Joe, I actually laugh at you telling me what I really have. You have no understanding about what depersonalization disorder is. It can certainly make one anxious to have to perform in world that has suddenly become like a dream, armed only with the momentum of a self that once was, but which now is just an empty space. It can certainly be depressing to watch your life drift by, un-lived.
Of course depersonalization can be primary, and probably is, for almost everybody on this forum. Anxiety and depression are much easier to understand, but people are here because those core symptoms of depersonalization (read them on the opening page if you are not sure what they are) resonate so deeply. They are here at dp selfhelp instead of anxiety selfhelp or depression selfhelp, because they felt a massive sense of relief when they found these facts of their own existence (the ones that make you laugh) not only defined, finally, but actually shared.
These facts, that you ridicule as ?mysterious,? ARE mysterious. (Again, if you?re not sure what they are, I refer you to the first page of this site) They are mysterious because they are hard to explain, hard to pin down. They are mysterious because there is barely a vocabulary that speaks to them--the words ?empty? ?unreal? etc. just don?t seem sufficient. They are mysterious because the only places one can find other than small circles (like this one) where people can actually understand the impact of these words, are in literature and philosophy. The are especially mysterious to a young person (the typical age on onset for this thing) who may be unsophisticated, and who only knows that their life is being disrupted.
This thing that doesn?t exist, this ?Mysterious? DP is indeed mysterious, because when that person, young or old, wanders into the office of some mental health so-called professional thinking ?my god I need help,? and tries to describe that their self and surroundings have become unreal, the odds are that they will face someone who won?t understand what they are talking about, won?t respond to it, and won?t take it seriously. The mental health so-called professional will be able to see that the person in his or her office is indeed anxious. Who wouldn?t be.

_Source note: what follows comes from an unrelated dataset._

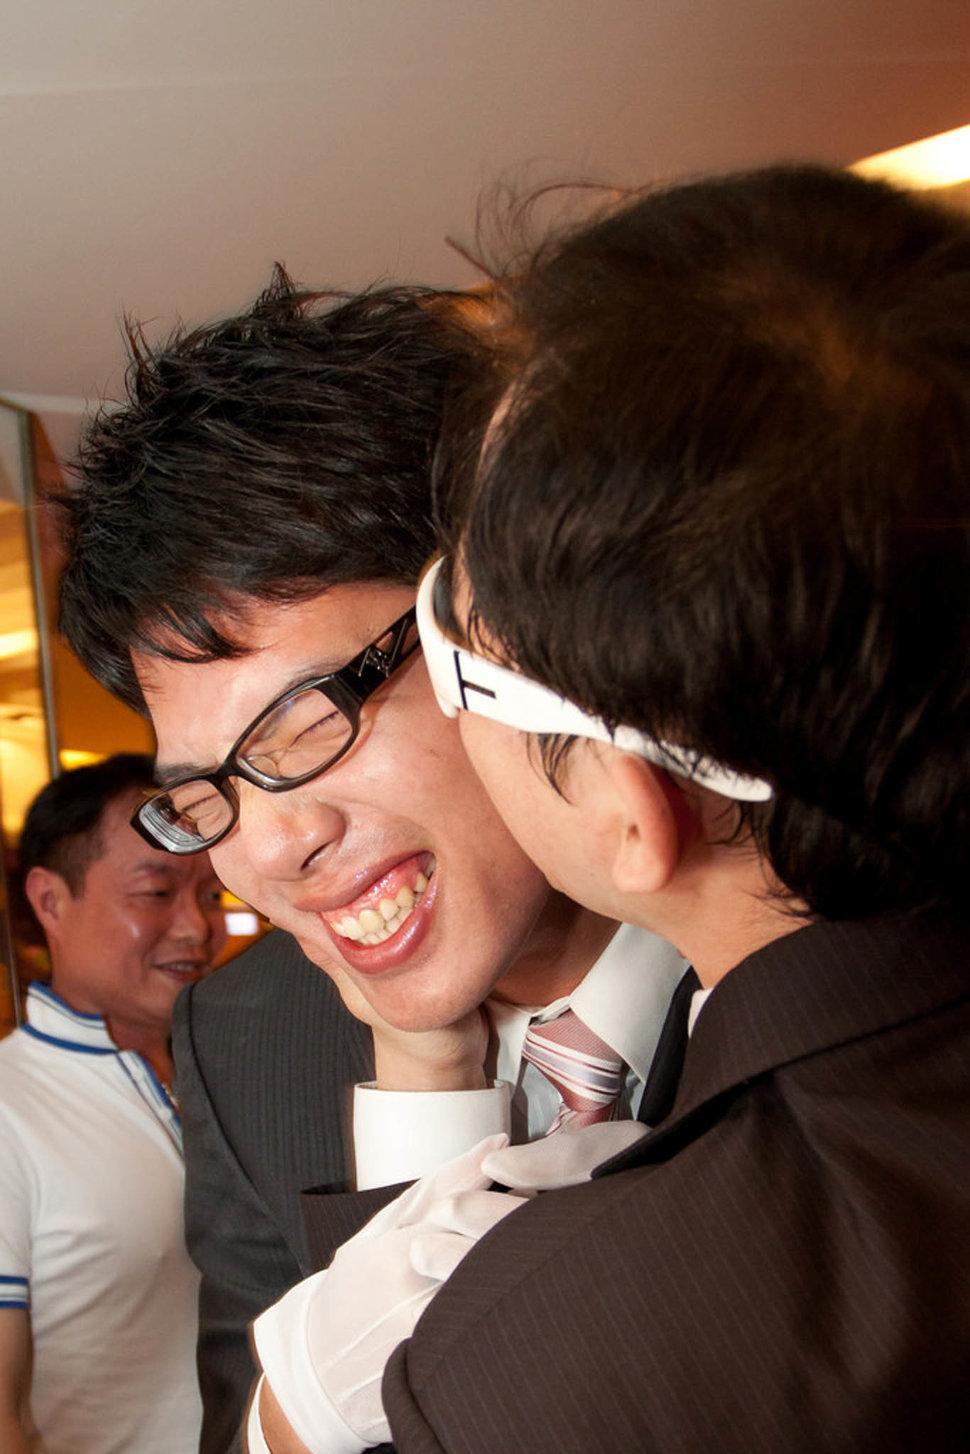 18PHOTO-佳成❤️ 玨萍(編號:220195) - 18PHOTO 婚紗影像攝影工作室 - 結婚吧一站式婚禮服務平台

Of course depersonalization is primary, for those who recognize it in themselves. But one of the main things they will talk about is anxiety, and this shouldn?t be surprising. If people were out displaying symptoms of just depersonalization they would be poking people to make sure they were real. They would be behaving in wildly idiosyncratic ways because it wouldn?t matter since the world is a dream. They would be simply standing mute because they would have no self to do otherwise.
It is a key symptom of depersonalization disorder, and one we all understand, that reality testing remains intact. (This is also a little mysterious, since what people are complaining about is unreality.) So the symptoms of anxiety and depression will be the ones that are visible. And anxiety will be the easiest explanation for the whole mess.
Through the last 30 years it has been in my calmest moments, when I have reflected on what I am and where I have been, that I describe these primary symptoms.
For the majority of that time, these symptoms have seemed entirely unique. Try to imagine the feeling, after decades of this, of finding out they are far from unique, but are, in fact, stereotypical to this ?mysterious? disorder. Virtually to the letter. Understand that this feeling of revelation is also stereotypical to this disorder, not to anxiety disorders.
Of course, Joe, you can ?still say? what you like, and you can ?laugh? all you like, but this thing exists. Expect no further debate from me.